◆ **THE PROBLEM**
For the records below, output word for word the lines from the one with "Make sure you" up to and including the one with "Check that the". No pictures.

◆ **EXERCISE MATERIAL**
════════════════════

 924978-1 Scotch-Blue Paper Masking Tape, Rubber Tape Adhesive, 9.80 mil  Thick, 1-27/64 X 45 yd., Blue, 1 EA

════════════════════

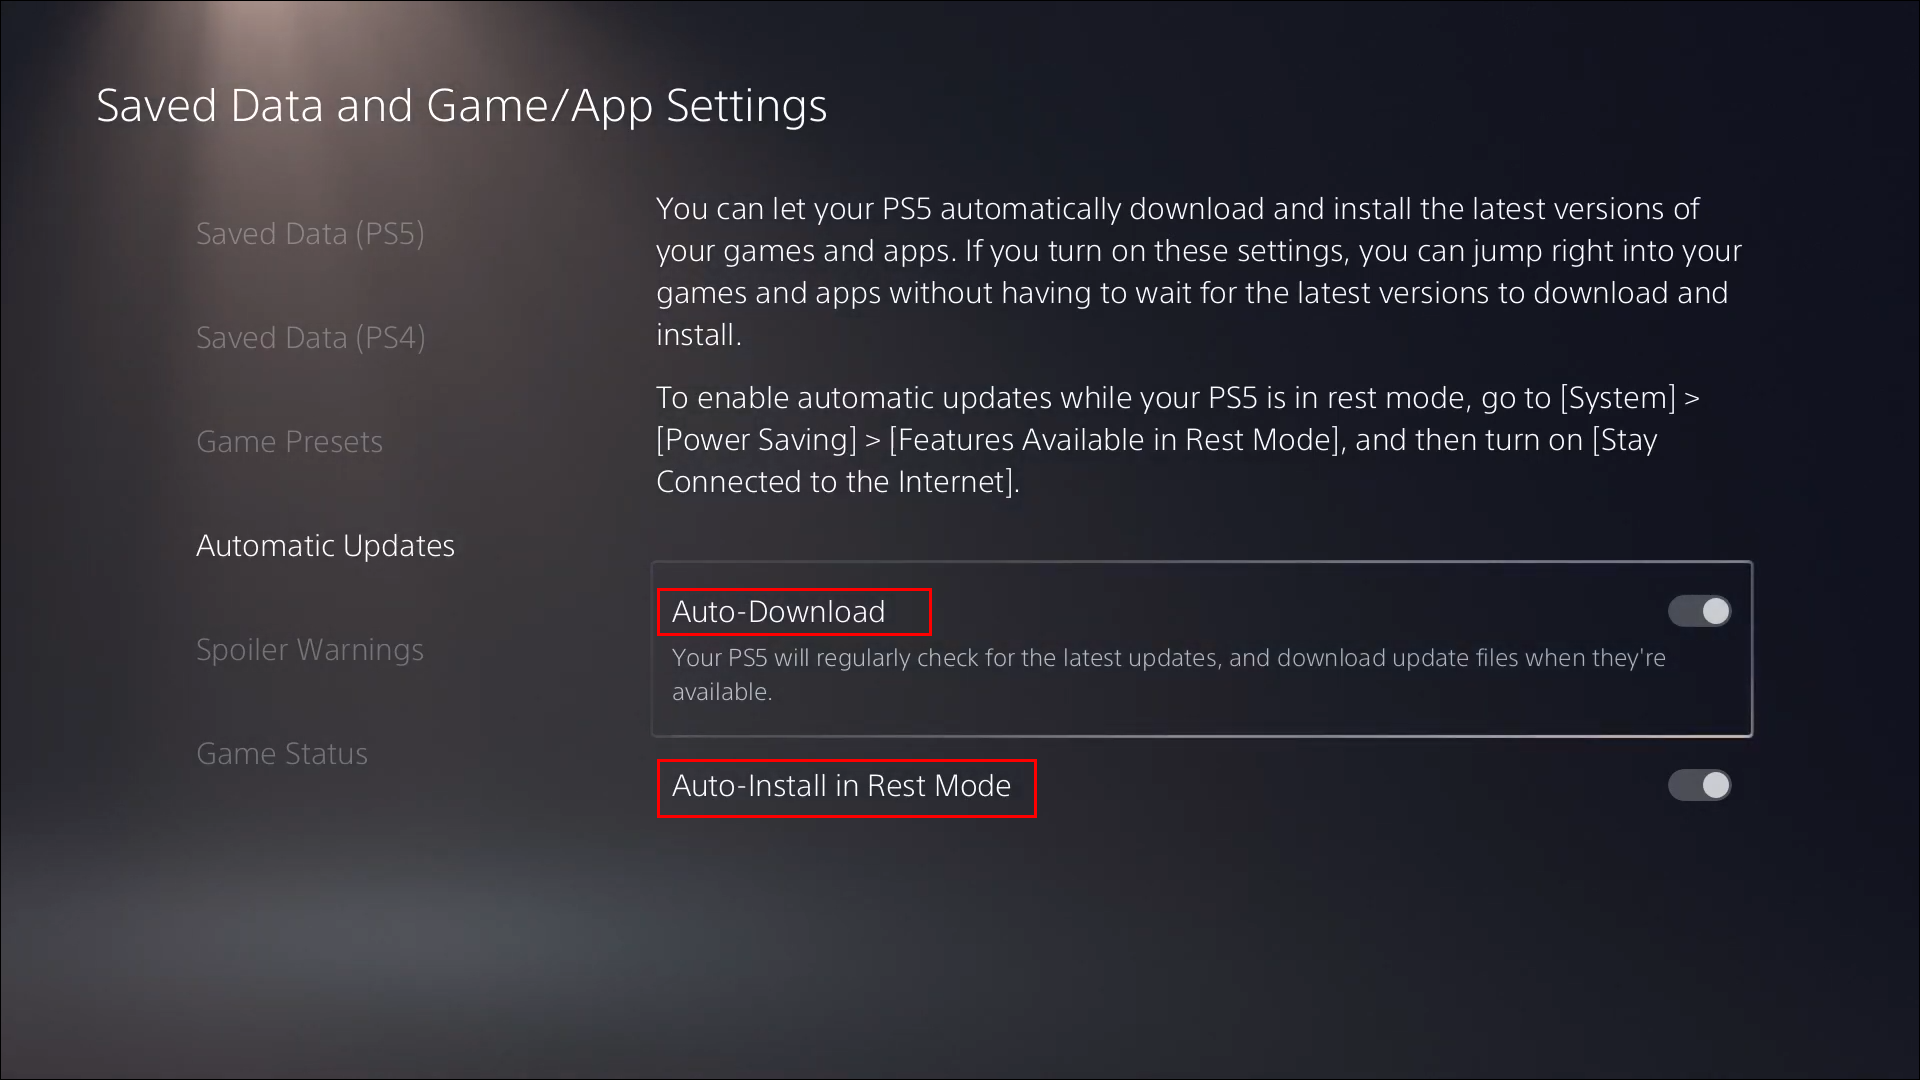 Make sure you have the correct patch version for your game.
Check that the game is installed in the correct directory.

════════════════════

◆ **FINAL ANSWER**
 Make sure you have the correct patch version for your game.
Check that the game is installed in the correct directory.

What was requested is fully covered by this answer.